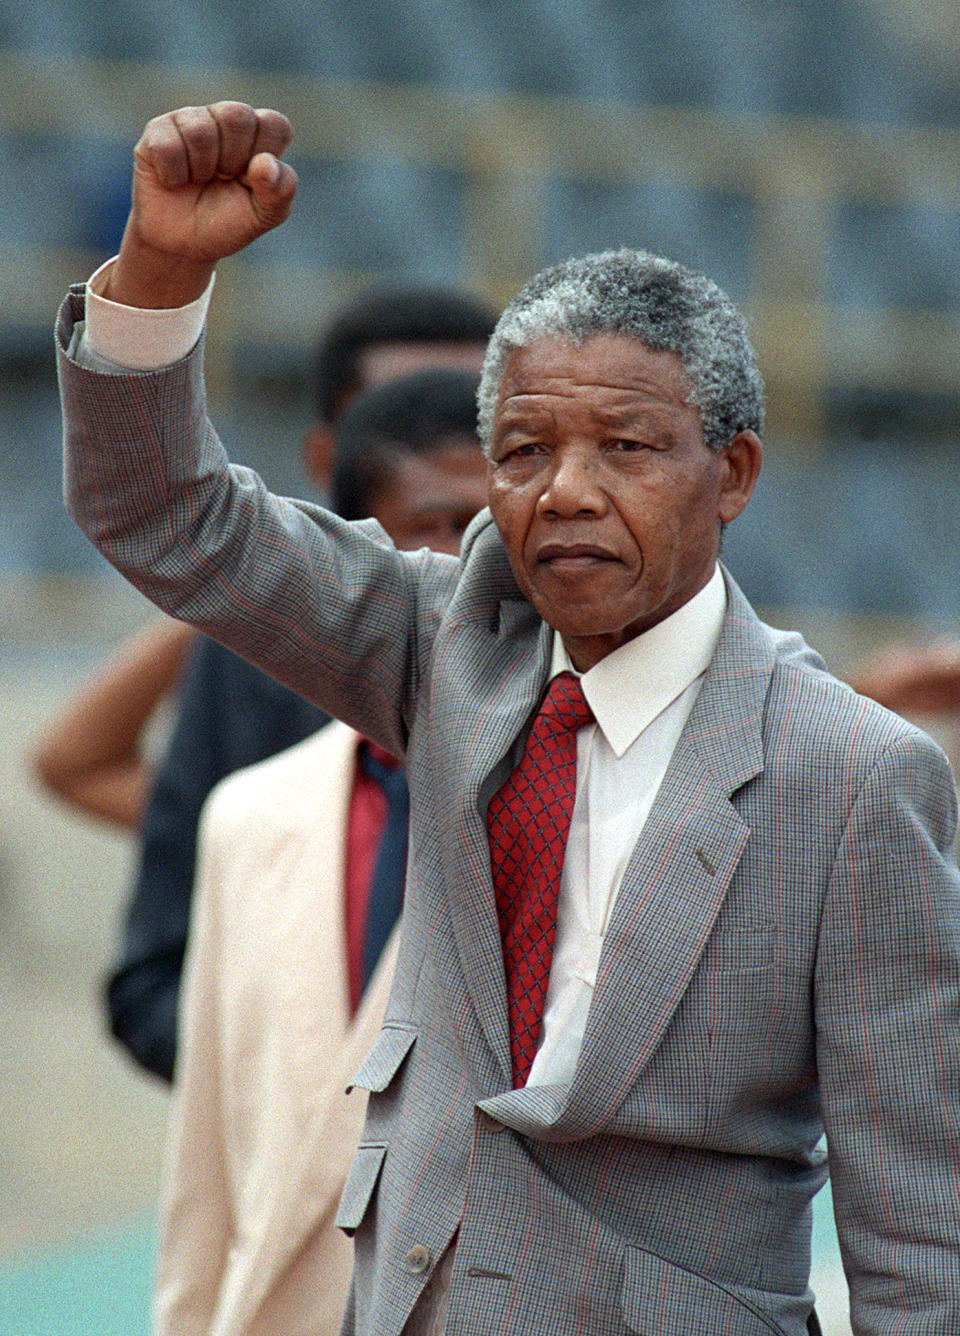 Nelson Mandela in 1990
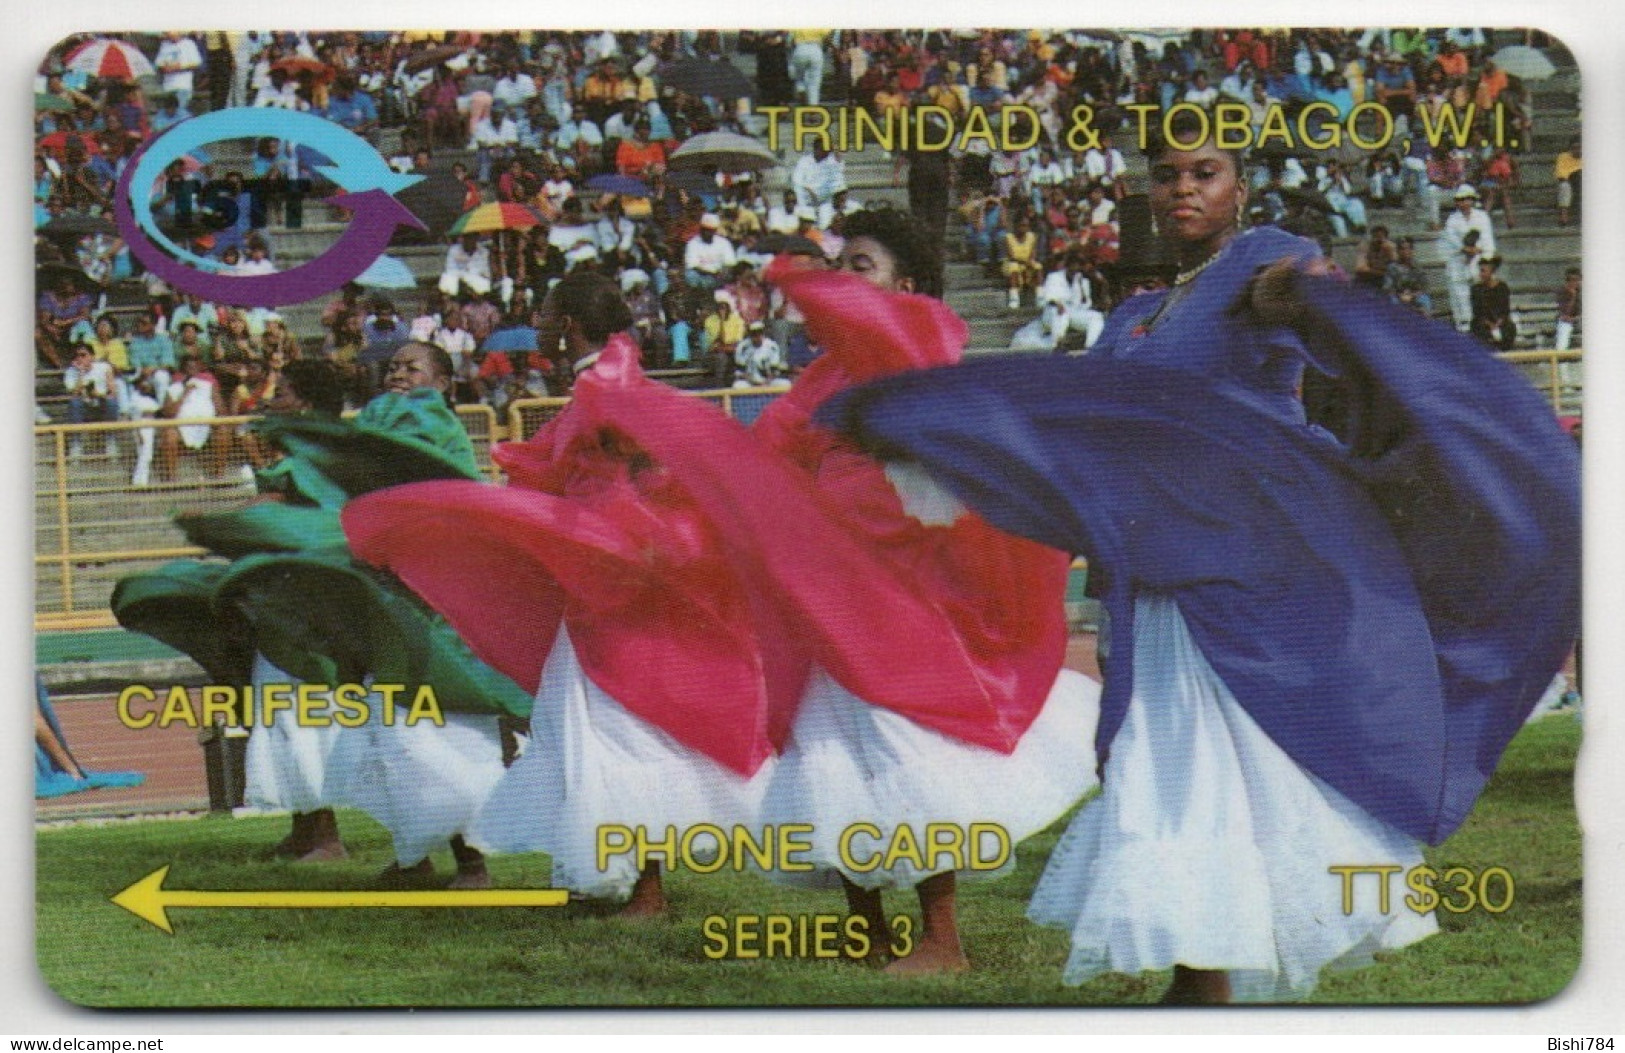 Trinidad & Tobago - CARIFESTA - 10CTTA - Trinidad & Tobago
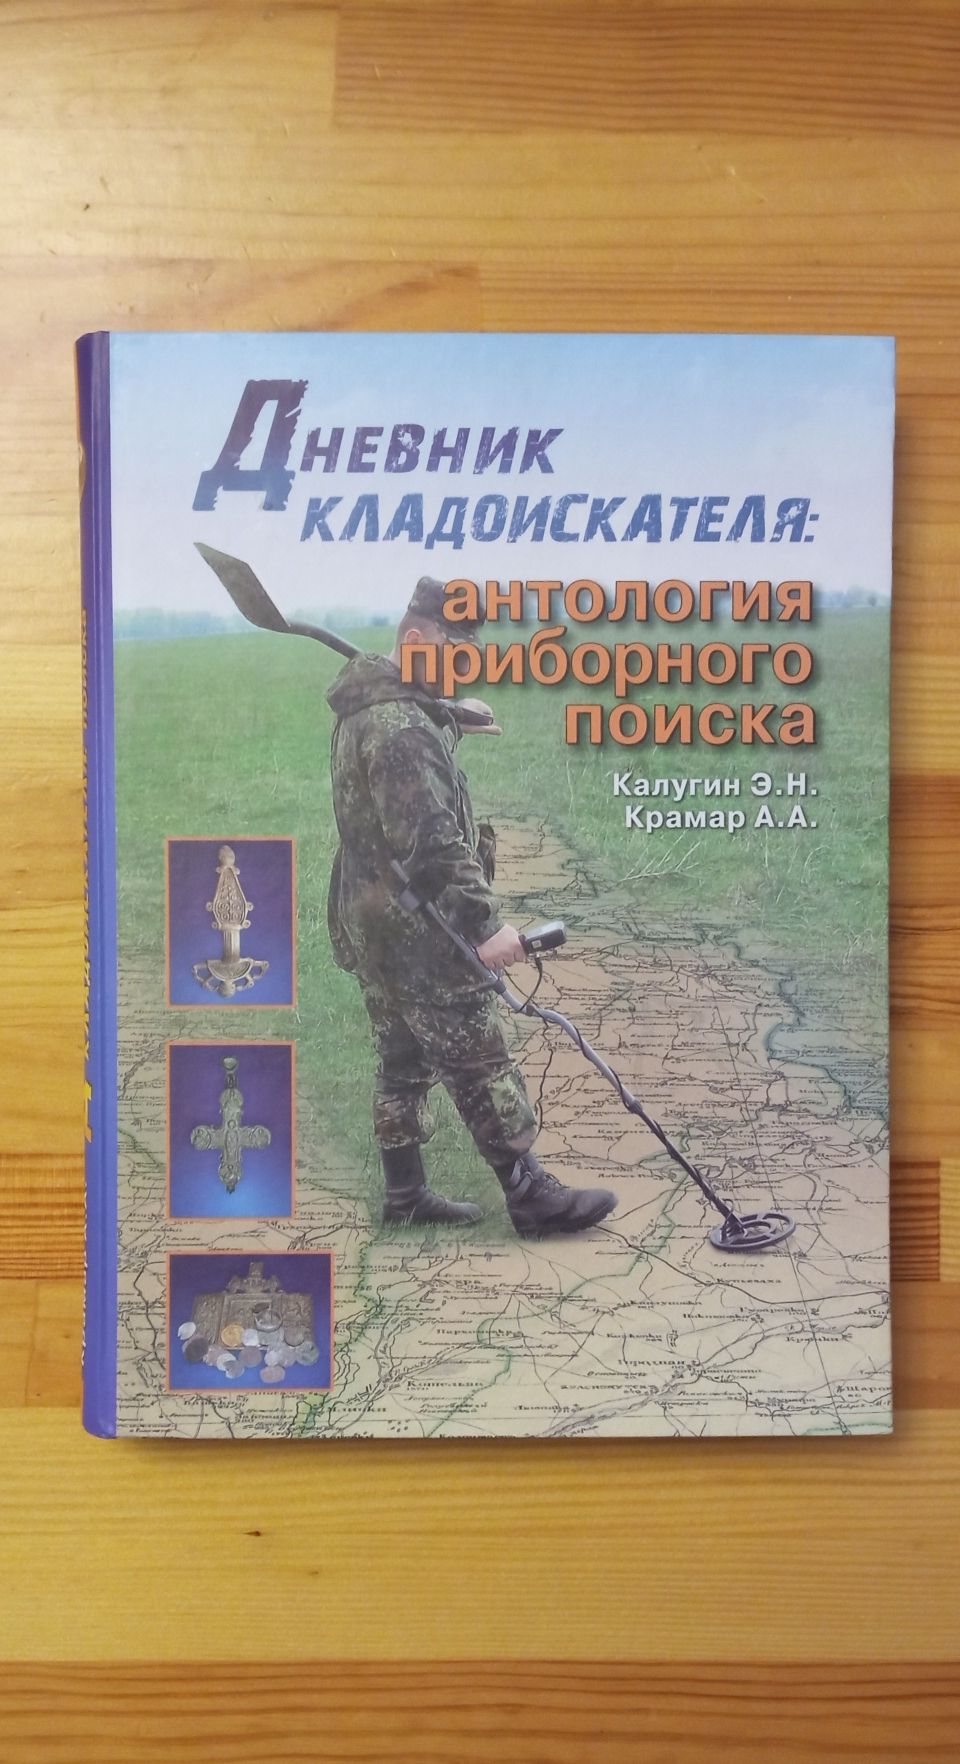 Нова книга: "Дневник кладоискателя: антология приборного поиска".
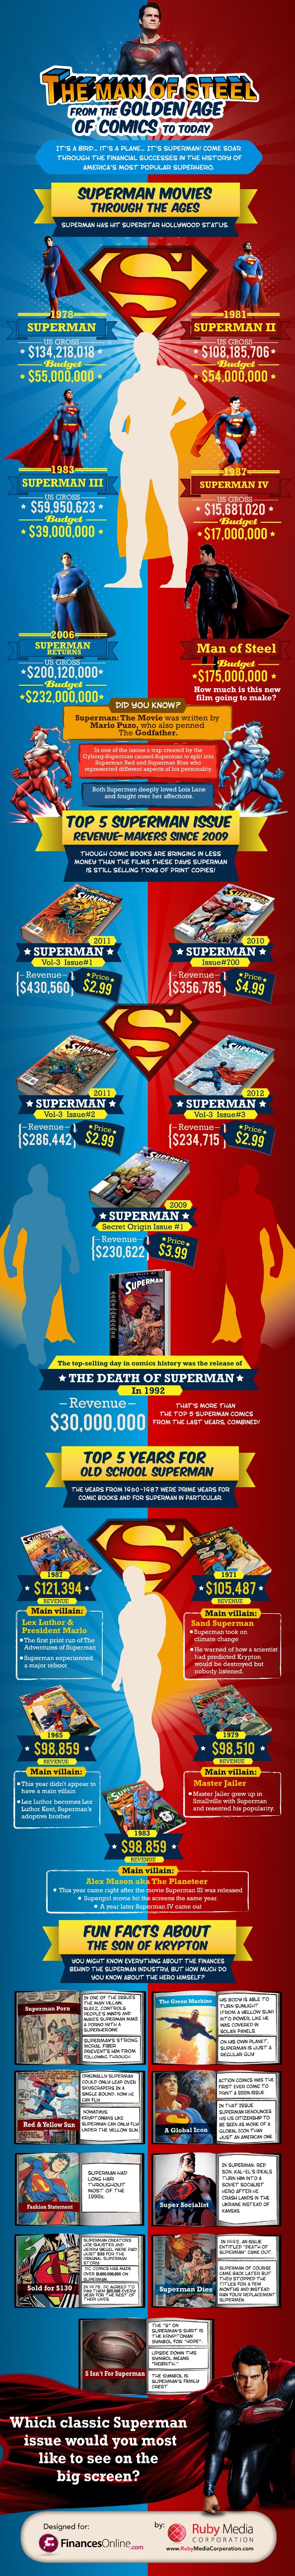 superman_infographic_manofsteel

## WHAT THE EXERCISE ASKS
The whole listing, pictures excluded, should be output exactly.

## WRITTEN SOLUTION
 Nelson Mandela in 1990
 Trinidad & Tobago - CARIFESTA - 10CTTA - Trinidad & Tobago
 Нова книга: "Дневник кладоискателя: антология приборного поиска".
 superman_infographic_manofsteel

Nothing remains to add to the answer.